# Numerical methods challenge: Day 11

During October (2017) I will write a program per day for some well-known numerical methods in both Python and Julia. It is intended to be an exercise then don't expect the code to be good enough for real use. Also, I should mention that I have almost no experience with Julia, so it probably won't be idiomatic Julia but more Python-like Julia.

## Lagrange interpolation: Inverting Vandermonde matrix

Today we have Lagrange interpolation, yet one more time. I will have a different approach to compute the interpolation; I will form the Vandermonde matrix $V$ and solve the system

\begin{equation*} V\mathbf{c} = I \end{equation*}

where $\mathbf{c}$ is the vector of coefficients and $I$ is the identity matrix. This method, and the previous one are not stable and should not be used for the computation of higher order interpolants, even for optimally chosed sampling. It will start failing around 40 points. A better approach is to use the barycentric form of the interpolation.

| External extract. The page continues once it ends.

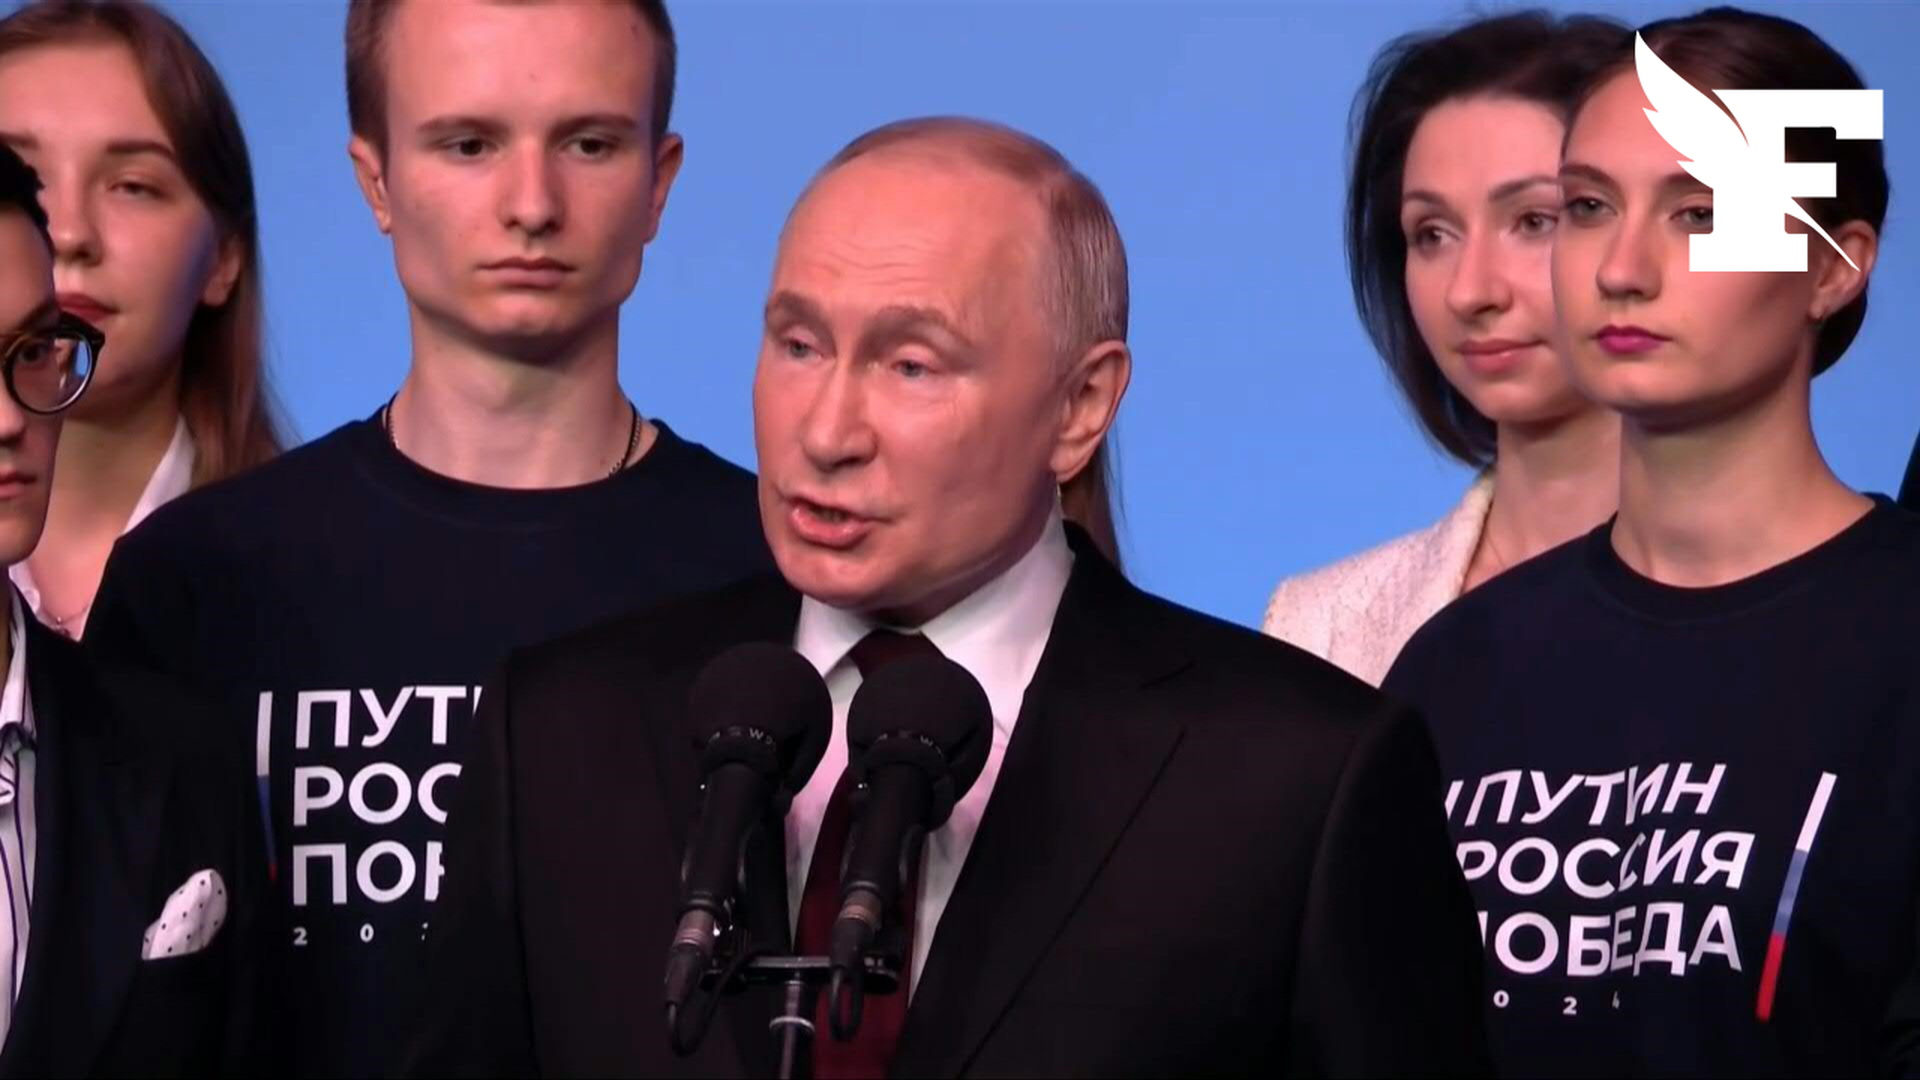 Triomphe écorné, élection farfelue, farce : la presse occidentale raille la réélection de Vladimir Poutine

In the example below we use Chebyshev nodes. The nodes are given by

\begin{equation*} x_k = \cos\left(\frac{2k-1}{2n}\pi\right), \quad k = 1, \ldots, n \end{equation*}

where $n$ is the degree of the polynomial.

Following are the codes.

### Python

from __future__ import division, print_function
import numpy as np
import matplotlib.pyplot as plt

def vander_mat(x):
n = len(x)
van = np.zeros((n, n))
power = np.array(range(n))
for row in range(n):
van[row, :] = x[row]**power
return van

def inter_coef(x):
vand_mat = vander_mat(x)
coef = np.linalg.solve(vand_mat, np.eye(len(x)))
return coef

def compute_interp(x, f, x_eval):
n = len(x)
coef = inter_coef(x)
f_eval = np.zeros_like(x_eval)
for row in range(n):
for col in range(n):
f_eval += coef[row, col]*x_eval**row*f[col]
return f_eval

n = 11
x = -np.cos(np.linspace(0, np.pi, n))
f = 1/(1 + 25*x**2)
x_eval = np.linspace(-1, 1, 500)
interp_f = compute_interp(x, f, x_eval)
plt.figure()
plt.plot(x_eval, 1/(1 + 25*x_eval**2))
plt.plot(x_eval, interp_f)
plt.plot(x, f, ".")
plt.ylim(0, 1.2)
plt.show()


### Julia

using PyPlot

function vander_mat(x)
n = length(x)
van = zeros(n, n)
power = 0:n-1
for row = 1:n
van[row, :] = x[row].^power
end
return van
end

function inter_coef(x)
vand_mat = vander_mat(x)
coef = vand_mat \ eye(length(x))
return coef
end

function compute_interp(x, f, x_eval)
n = length(x)
coef = inter_coef(x)
f_eval = zeros(x_eval)
for row = 1:n
for col = 1:n
f_eval += coef[row, col]*x_eval.^(row - 1)*f[col]
end
end
return f_eval
end

n = 11
x = - cos.(linspace(0, pi, n))
f = 1./(1 + 25*x.^2)
x_eval = linspace(-1, 1, 500)
interp_f = compute_interp(x, f, x_eval)
plot(x_eval, 1./(1 + 25*x_eval.^2))
plot(x_eval, interp_f)
plot(x, f, ".")
ylim(0, 1.2)
show()


In both cases the result is the plot below.

And, if we try with a high $n$, say $n=45$, we can see the problems.

### Comparison Python/Julia

Regarding number of lines we have: 41 in Python and 44 in Julia. The comparison in execution time is done with %%timeit magic command in IPython and @benchmark in Julia.

For Python:

%%timeit -n 100
n = 11
x = -np.cos(np.linspace(0, np.pi, n))
f = 1/(1 + 25*x**2)
x_eval = np.linspace(-1, 1, 500)
interp_f = compute_interp(x, f, x_eval)


with result

100 loops, best of 3: 7.86 ms per loop


For Julia:

function bench()
x = - cos.(linspace(0, pi, n))
f = 1./(1 + 25*x.^2)
x_eval = linspace(-1, 1, 500)
interp_f = compute_interp(x, f, x_eval)
return nothing
end
@benchmark bench()


with result

BenchmarkTools.Trial:
memory estimate:  32.23 MiB
allocs estimate:  8277
--------------
minimum time:     114.282 ms (1.50% GC)
median time:      122.061 ms (1.46% GC)
mean time:        129.733 ms (1.90% GC)
maximum time:     163.716 ms (1.98% GC)
--------------
samples:          39
evals/sample:     1


In this case, we can say that the Python code is roughly 16 times faster than the Julia one.